Menurut Cunningham et al (2005) terdapat
beberapa istilah yang merujuk kepada
jumlah paritas, yaitu:
(a) Nullipara:
seorang wanita yang tidak pernah menjalani proses kehamilan melebihi
minggu ke-20.
(b) Primipara:
seorang wanita yang pernah melahirkan hanya sekali atau beberapa kali
melahirkan janin yang hidup atau mati dengan estimasi lama waktu gestasi antara
20 atau beberapa minggu.
(c) Multipara:
seorang wanita yang pernah menjalani waktu kehamilan dengan sempurna 2
atau lebih dengan waktu gestasi 20 minggu atau lebih.
(3)
Penentuan Paritas
Paritas ditentukan dari
jumlah kehamilan yang mencapai 20 minggu dan bukan dari jumlah bayi yang
dilahirkan. Oleh itu, paritas tidak lebih besar apabila yang dilahirkan adalah
janin tunggal, kembar, atau kuintuplet, atau lebih kecil apabila janin lahir
mati (Cunningham, 2005).
(4) Hubungan Paritas
dengan Kejadian
Anemia Pada Ibu Hamil
Paritas
adalah jumlah anak yang telah dilahirkan oleh seorang ibu baik lahir hidup
maupun lahir mati. Seorang ibu yang sering melahirkan mempunyai risiko
mengalami anemia pada kehamilan berikutnya apabila tidak memperhatikan
kebutuhan nutrisi. Karena selama hamil zat-zat gizi akan terbagi untuk ibu dan
untuk janin yang dikandungnya (Herlina, 2009).
Tingginya
kejadian anemia pada paritas di karenakan semakin sering seorang wanita
melahirkan maka akan semakin banyak kehilangan zat besi sehingga mengalami
anemia. Selain itu ibu juga tidak mempunyai kesempatan untuk memperbaiki
kondisi tubuhnya terutama kesehatan dan status
gizi yang berhubungan dengan zat besi (Djauhari 2013).
2.1.4.Tinjauan
Umum Tentang Jarak Kehamilan
(1)
Pengertian jarak kehamilan.
Kehamilan adalah masa ketika seorang wanita
membawa embrio atau fetus di dalam tubuhnya (Astuti, 2011).

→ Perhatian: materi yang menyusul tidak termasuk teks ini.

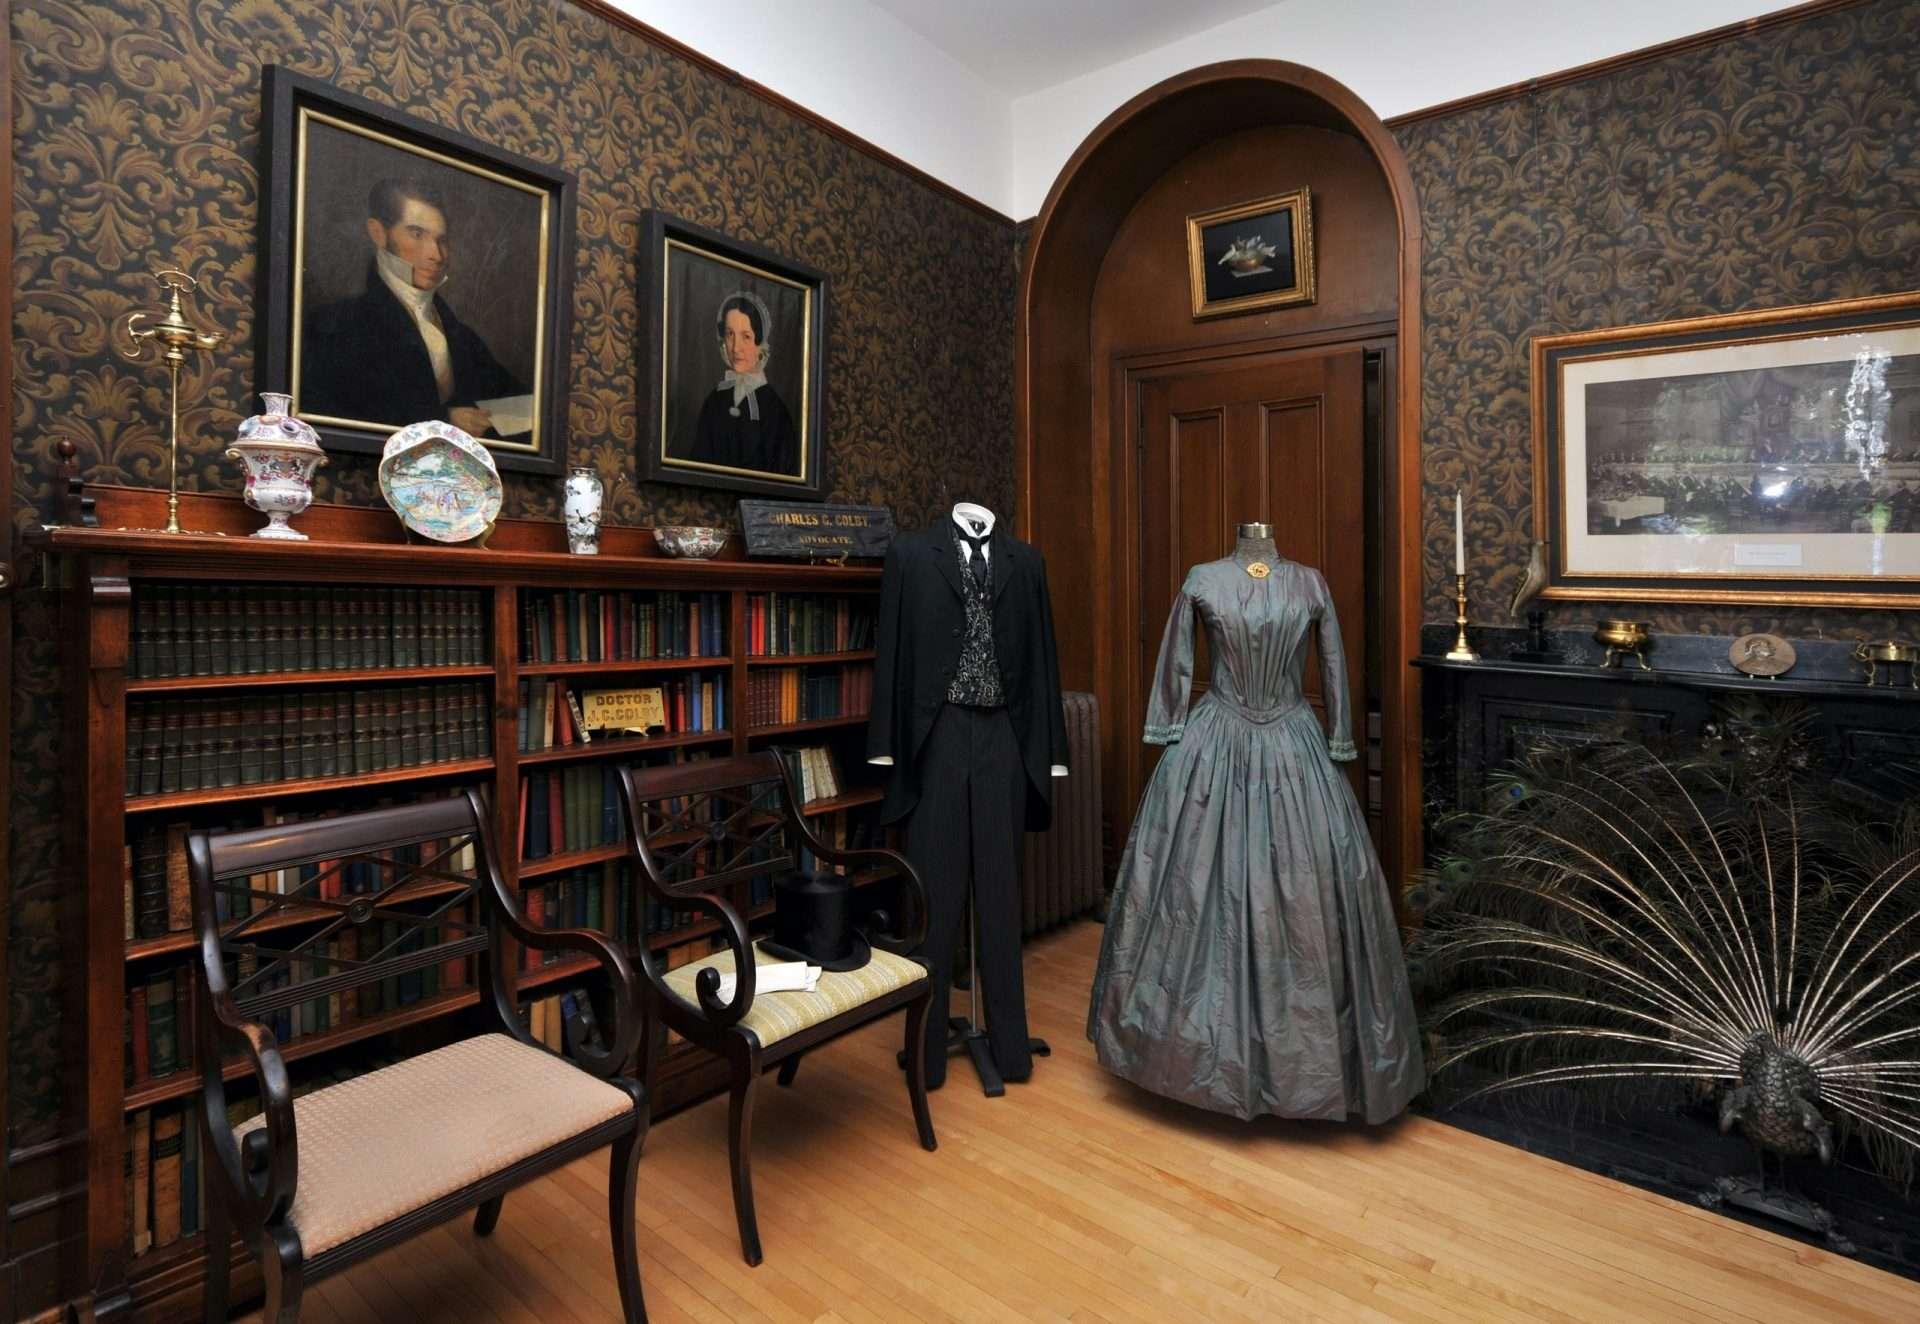 Musée Colby-Curtis / Société historique de Stanstead - Stanstead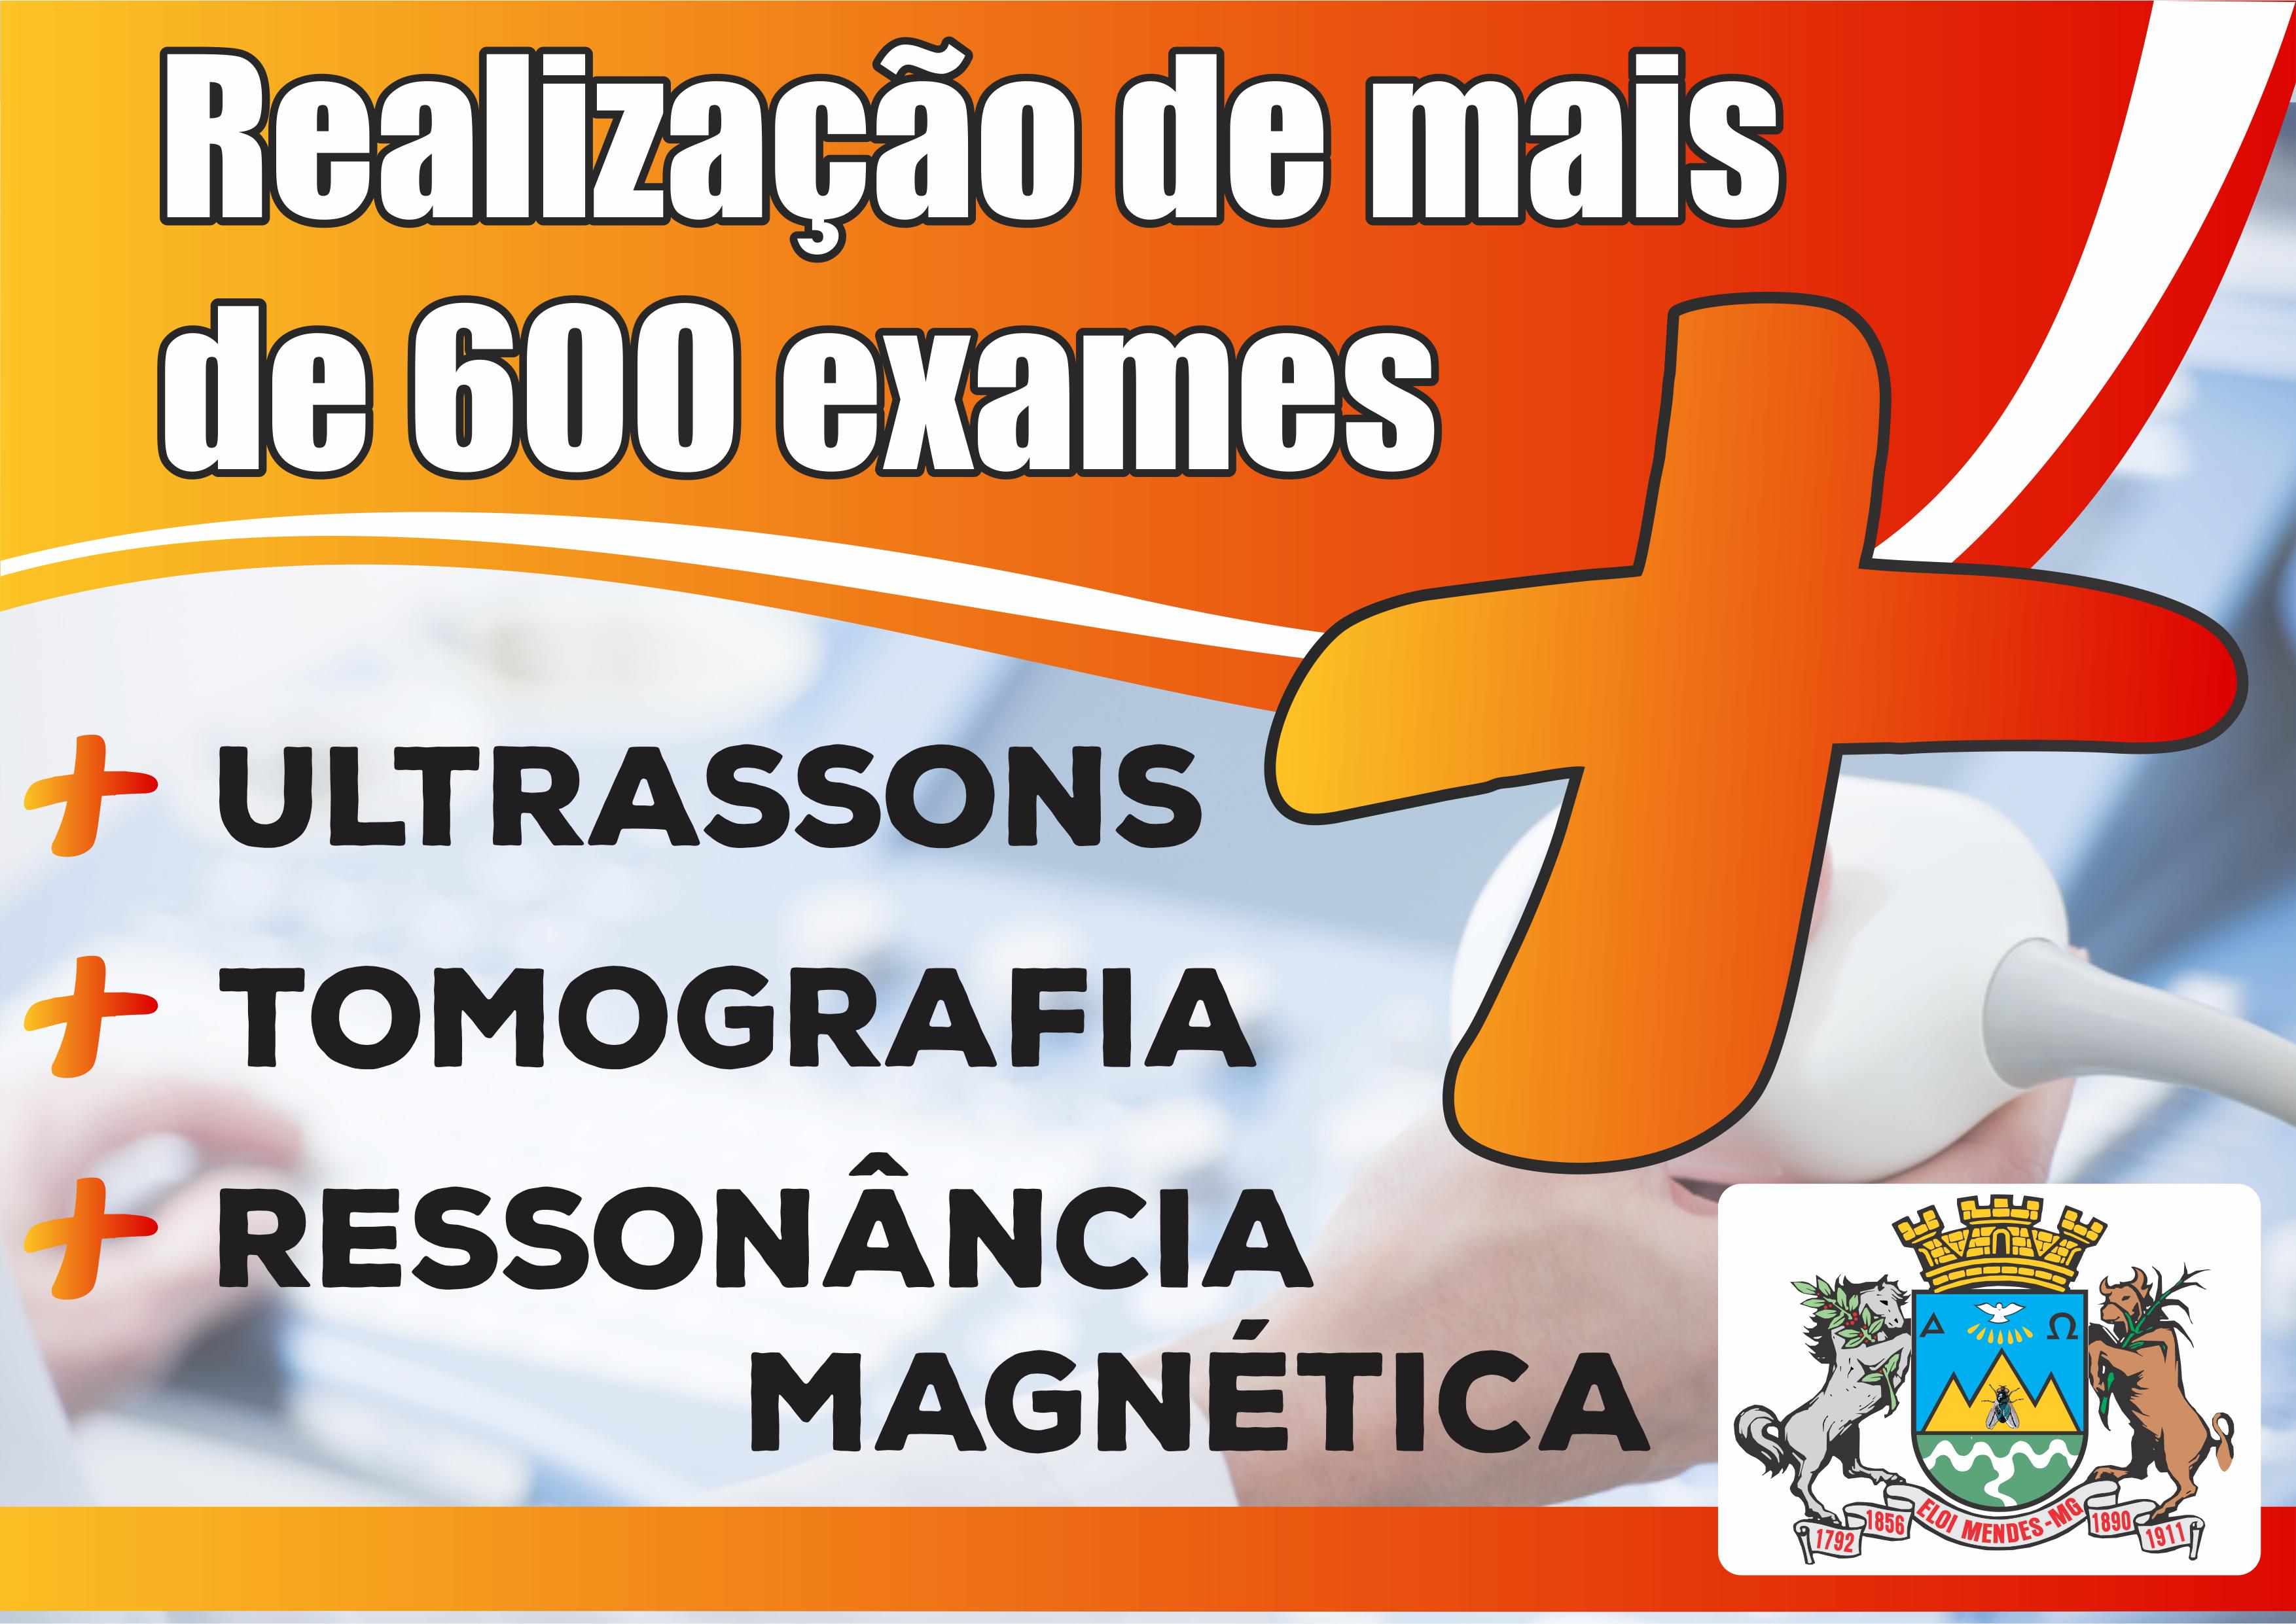 Realização de mais de 600 exames.

Jarak
kehamilan adalah suatu pertimbangan untuk menentukan kehamilan yang pertama
dengan kehamilan berikutnya. (Depkes RI, 2009).
(2)
Penentuan
Jarak Kehamilan
Pengaturan
jarak kehamilan merupakan salah satu usaha agar pasangan dapat lebih menerima
dan siap untuk memiliki anak. Perencanaan pasangan kapan untuk memiliki anak
kembali, menjadi hal penting untuk dikomunikasikan (Siregar, 2011).
Menentukan
jarak kehamilan tidak semua pasangan usia subur mengetahui secara jelas
manfaatnya buat kehidupan jangka panjang yang lebih baik. Maka yang paling
penting dalam hal ini adalah meningkatkan peran suami istri dalam memahami
betul manfaat menentukan jarak kehamilan. Dimana, terdapat keadaan bahwa jarak
kehamilan yang diinginkan sebagian besar wanita di negara berkembang tersebut
tidak selalu terpenuhi. Hal itu diakibatkan beberapa faktor yang mungkin sangat
kompleks sifatnya seperti faktor sosial budaya serta pengambilan keputusan yang
dilakukan tidak oleh istri, akan tetapi oleh anggota keluarga lainnya seperti
suami atau ibu mertua. Kejadian ini masih terjadi di Indonesia, terutama di
beberapa daerah pedalaman yang masih kuat nilai-nilai tradisionalnya. Padahal
tertulis dalam hak-hak reproduksi yang mengatakan bahwa setiap orang berhak
untuk menentukan jumlah anak yang dimiliki serta
jarak kehamilan yang
diinginkan (Siregar, 2011).
(3) Resiko
dalam Menentukan Jarak Kehamilan
Wanita
yang melahirkan dengan jarak yang sangat berdekatan kurang dari 2 tahun akan
mengalami resiko antara lain (Yolan, 2007) :
(a) Resiko perdarahan trimester III
(b) Plasenta previa
(c) Anemia
(d) Ketuban pecah dini
(e) Endometriosis masa nifas
(f) Kematian saat melahirkan
(g) Kehamilan dengan jarak yang terlalu
jauh juga dapat menimbulkan resiko tinggi antara lain persalinan lama.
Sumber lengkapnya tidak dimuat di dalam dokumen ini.